Помнишь, как она, пьяная, вломилась в палату к Дилану в больнице Святого Винсента в Нью-Йорке, где он умирал от алкогольного отравления? Как она бросилась на его распростертое больное тело и умоляла его остаться, бороться и быть мужчиной, любить ее, говорить и ходить. И перестать умирать, Бога ради. Сестра говорит, что ей очень лестно, что я сравнила ее с Диланом Томасом, но она все-таки просит меня уйти. Ей надо подумать. Я говорю: Хорошо, я уйду. Но завтра снова приду. Она говорит, что мы, люди, такие смешные. Ведем учет каждой секунды, каждой минуты, каждого дня, месяца, года, делим время на отрезки и даем им названия, тогда как время – такое громоздкое, несоразмерное и неуловимое. Собственно, как сама жизнь. Ей искренне жаль тех людей, которые придумали концепцию «измерения времени». Так оптимистично, говорит она. Так прекрасно бессмысленно. Очень по-человечески.
Я говорю: Эльфи, если лично тебе не подходят системы для измерения наших жизней, это не значит, что жизнь не нуждается в измерении.
Может быть, отвечает она, но только не в соответствии с глупыми буржуазными представлениями об ограниченных временных рамках. Время – опять же, как жизнь, – есть природная сила, которая не поддается не только классификации, но даже определению.
Я говорю, что, наверное, мне и вправду надо идти. Прошу прощения, профессор Пинхед, что срываюсь с занятий пораньше, но на моем измерителе кончается время. Я купила себе два часа, и они уже на исходе. К вопросу о времени.

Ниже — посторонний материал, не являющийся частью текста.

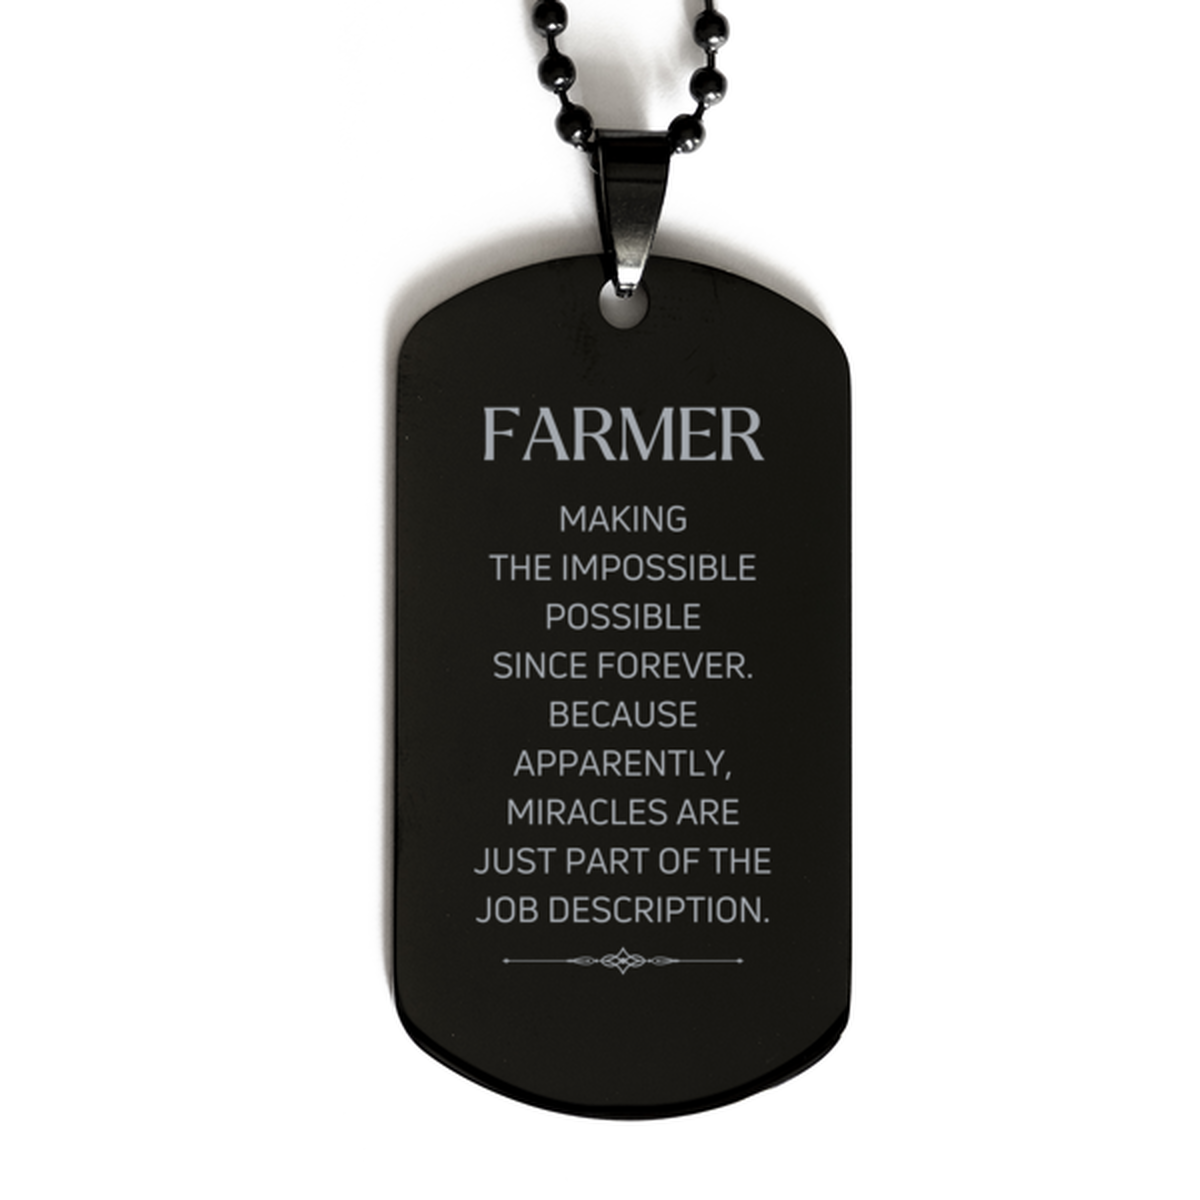 Funny Farmer Gifts, Miracles are just part of the job description, Inspirational Birthday Black Dog Tag For Farmer, Men, Women, Coworkers, Friends, Boss

Я знала, что сумею заставить тебя уйти, говорит Эльфи. Мы обнимаемся на прощание, я говорю, что очень-очень ее люблю, пока слова не становятся невыносимыми, и мы просто дышим в объятиях друг друга в течение минуты, а потом я ухожу. Мне нужно быть в другом месте.
Спускаясь по лестнице к выходу из больницы, я проверяю сообщения в телефоне. Сообщение от Норы, моей четырнадцатилетней дочери: Как там Эльфи??????????????????????? Уилл сломал входную дверь. Сообщение от Уилла, моего восемнадцатилетнего сына, который учится на первом курсе в Нью-Йоркском университете, но сейчас по моей просьбе приехал домой в Торонто, чтобы присматривать за Норой, пока я сама буду в Грязных водах: Нора говорит, ты разрешаешь ей гулять до четырех утра. Это правда? Обними за меня Эльфи! Слив в ванне забился Нориными волосами. И сообщение от моей лучшей подруги Джули, которая ждет меня в гости сегодня вечером: Красное или белое? Передавай привет Эльфи. <3
В прошлый раз Эльфи пыталась покончить с собой, медленно испаряясь в пространстве. Это была затаенная попытка исчезнуть, уморив себя голодом. Мама позвонила мне в Торонто и сказала, что Эльфи ничего не ест, но просит их с Ником не звонить докторам. Они оба в отчаянии и не знают, что делать. Могу я приехать? Я примчалась к Эльфи прямо из аэропорта. Она лежала в постели. Она спросила, что я здесь делаю. Я сказала, что приехала вызвать ей скорую. Мама, может быть, и обещала не вызывать ей врачей, но я-то не обещала. Мама сидела в столовой. Спиной к нам обеим. Как любая хорошая мать, она не могла поддержать одну дочь против другой и поэтому решила не вмешиваться вообще. Я сказала, что позвоню прямо сейчас. Извини, но так надо. Эльфи умоляла меня никуда не звонить. Умоляла чуть ли не слезно. Она сложила ладони в мольбе. Клялась, что начнет есть. Мама так и сидела в столовой. Я сказала Эльфи, что скорая уже едет. Дверь в сад стояла открытой, в дом проникал запах сирени. Я не поеду в больницу, сказала Эльфи. Придется поехать, сказала я. Она окликнула маму. Мам, скажи ей, что я никуда не поеду. Мама не произнесла ни единого слова. Она даже не обернулась. Пожалуйста, сказала Эльфи. Я очень прошу! Когда врачи уложили ее на носилки, она собрала все свои силы, которые еще оставались, и показала мне средний палец.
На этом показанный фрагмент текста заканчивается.